I, personally, don't know how to do this, but I'd be willing to pay for a more generic way to scrape nutrition data (email in profile :) )


There's companies out there that already have this info. Checkout http://kwikeesystems.com .


take a block of text, sentence, or paragraph.

build 2 classifiers: #1 that classifies a sentence that contains the information you want, and #2 that classifies the actual data within that subset.

NLP


I once wrote a scraper for a Yellow Pages site in Python. It pulled down the business category, name, telephone and email for every entry, and returned a nicely formatted spreadsheet. The hours I spent learning the ElementTree API and XPath expressions have paid for themselves several times over, now that I have a nicely segmented spreadsheet of business categories and email addresses, which I target via email marketing.


As someone responsible for search on a yellow pages company, I can confirm that most YP websites have little to no protection against this. Company information is usually public anyway. We just make it very easy for you to get it :)

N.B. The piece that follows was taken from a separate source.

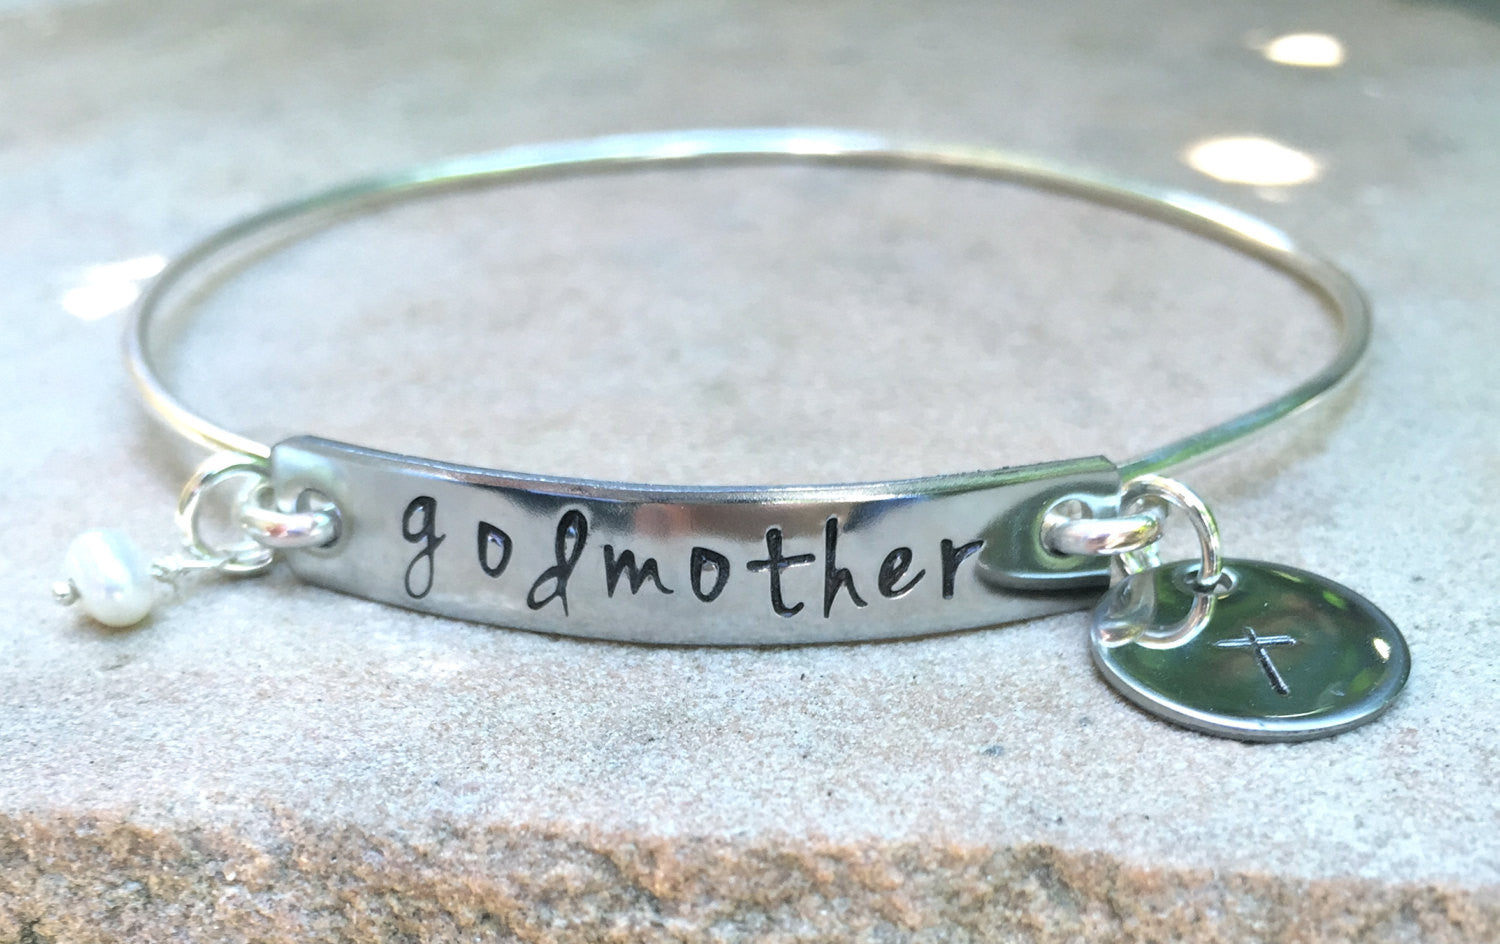 Godmother Bracelet, Godmother Gifts, Baptism Gifts, Personalized Godmother Jewlelry, natashaaloha - Natashaaloha, jewelry, bracelets, necklace, keychains, fishing lures, gifts for men, charms, personalized,

I'm working on a startup that has web scraping at its core. The vision is a bit larger and includes fusing data from various sources in a probabilistic way (e.g. the same people, products, or companies found on different sides with ambiguous names and information. This is based on the research I've doen at uni). However, I found that there are no web crawling frameworks out there that allow for large-scale and continuous crawling of changing data. So the first step has become to actually write such a system myself, and perhaps even open source it.

In terms of use cases, here are some I've come across:

- Product pricing data: Many companies collect pricing data from e-commerce sites. Latency and temporal trends are important here. Believe it or not, there are still profitable companies out there that hire people to manually scrape websites and input data into a database.

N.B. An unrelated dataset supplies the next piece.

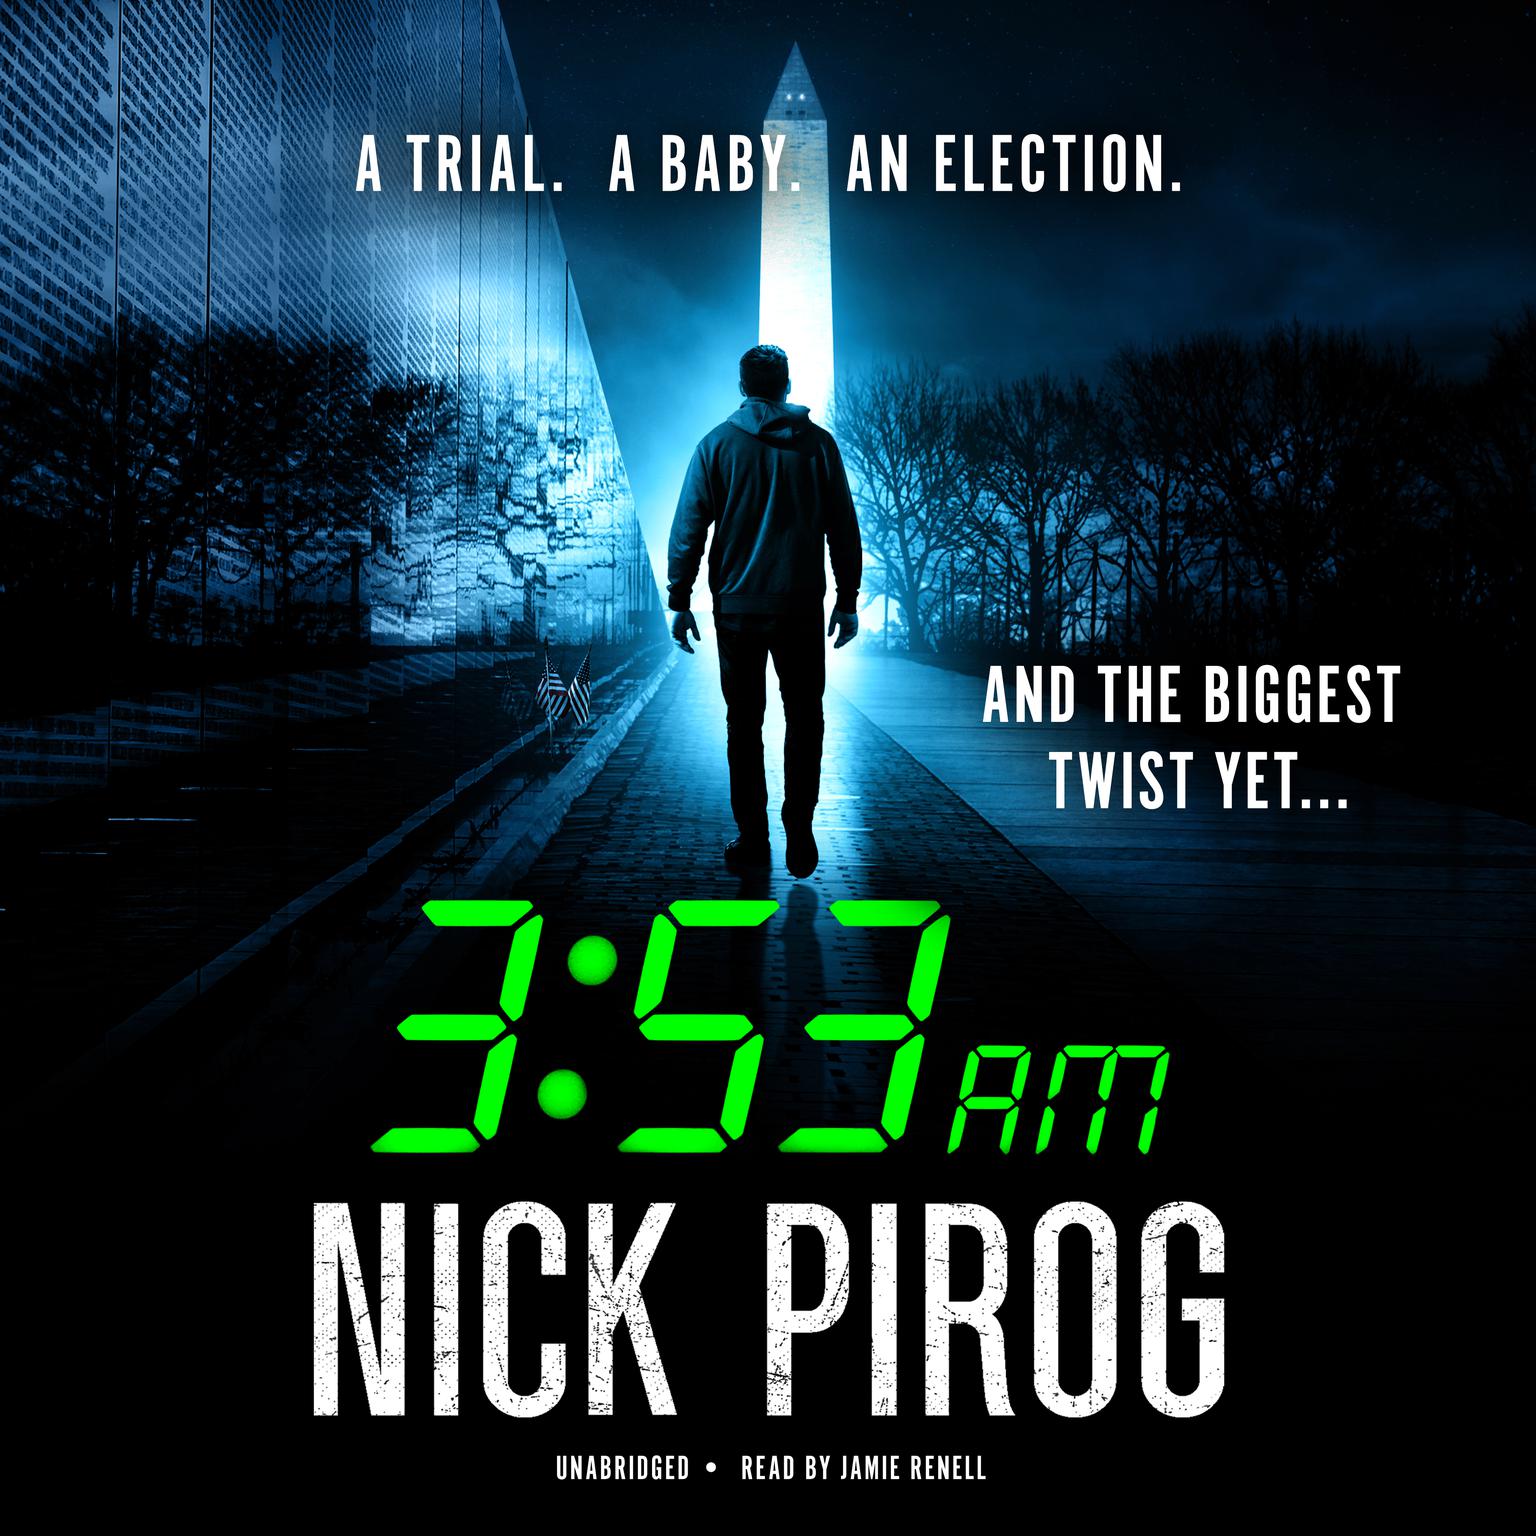 3:53 a.m. Audiobook, by Nick Pirog

- Various analyses based on job listing data: Similar to what you do by looking at which websites contain certain widgets, you can start understanding job listing (using NLP) to find out which technologies are used by which companies. Several startups doing this. Great data for bizdev and sales. You can also use job data to understand technology hiring trends, understand the long-term strategies of competitor's, or us them as a signal for the health of a company.

- News data + NLP: Crawling news data and understanding facts mentioned in news (using Natural Language Processing) in real-time is used in many industries. Finance, M&A, etc.

- People data: Crawl public LinkedIn and Twitter profiles to understand when people are switching jobs/careers, etc.

- Real-estate data: Understand pricing trends and merge information from similar listings found on various real estate listing websites.

- Merging signals and information from different sources: For example, crawl company websites, Crunchbase, news articles related to the company, LinkedIn profile's of employees and combine all the information found in various source to arrive at meaningful structured representation. Not limited to companies, you can probably think of other use cases.

In general, I think there is a lot of untapped potential and useful data in combining the capabilities of large-scale web scraping, Natural Language Processing, and information fusion / entity resolution.

Getting changing data with low latency (and exposing it as a stream) is still very difficult, and there are lots of interesting use cases as well.

Hope this helps. Also, feel free to send me an email (in my profile) if you want to have a chat or exchange more ideas. Seems like we're working on similar things.


Would love to hear more about your use case Denny--sending you a PM.

As for web-scale crawling of particular verticals such as products and news, you might want to try: http://www.diffbot.com/products/automatic/

We're planning on releasing support for jobs, companies, and people later.

(disclosure: I work there)


How do you use a probabilistic approach to scraping data? Were you able to get a low number of false positives?


Sorry for the confusion. They are used for "merging" scraped data from various sources, not in the scraping process itself. For example, they help in figuring out if similar-sounding listings on related websites refer to the same "thing".

If interested, take a look at this (and related) papers: http://www.cs.ubc.ca/~murphyk/Papers/kv-kdd14.pdf


That makes more sense. Thanks! I'll check out the paper. I was hoping you had some revolutionary new scraping method.


>I found that there are no web crawling frameworks out there that allow for large-scale and continuous crawling of changing data.

Are you distinguishing between "I found that there are no" and "I didn't find any so far"?

Which ones that came close have you rejected, and why?


I can't say for sure that there are none, but I believe that I've done quite a bit of research. If there really was an excellent web crawling framework it should have bubbled up to the top.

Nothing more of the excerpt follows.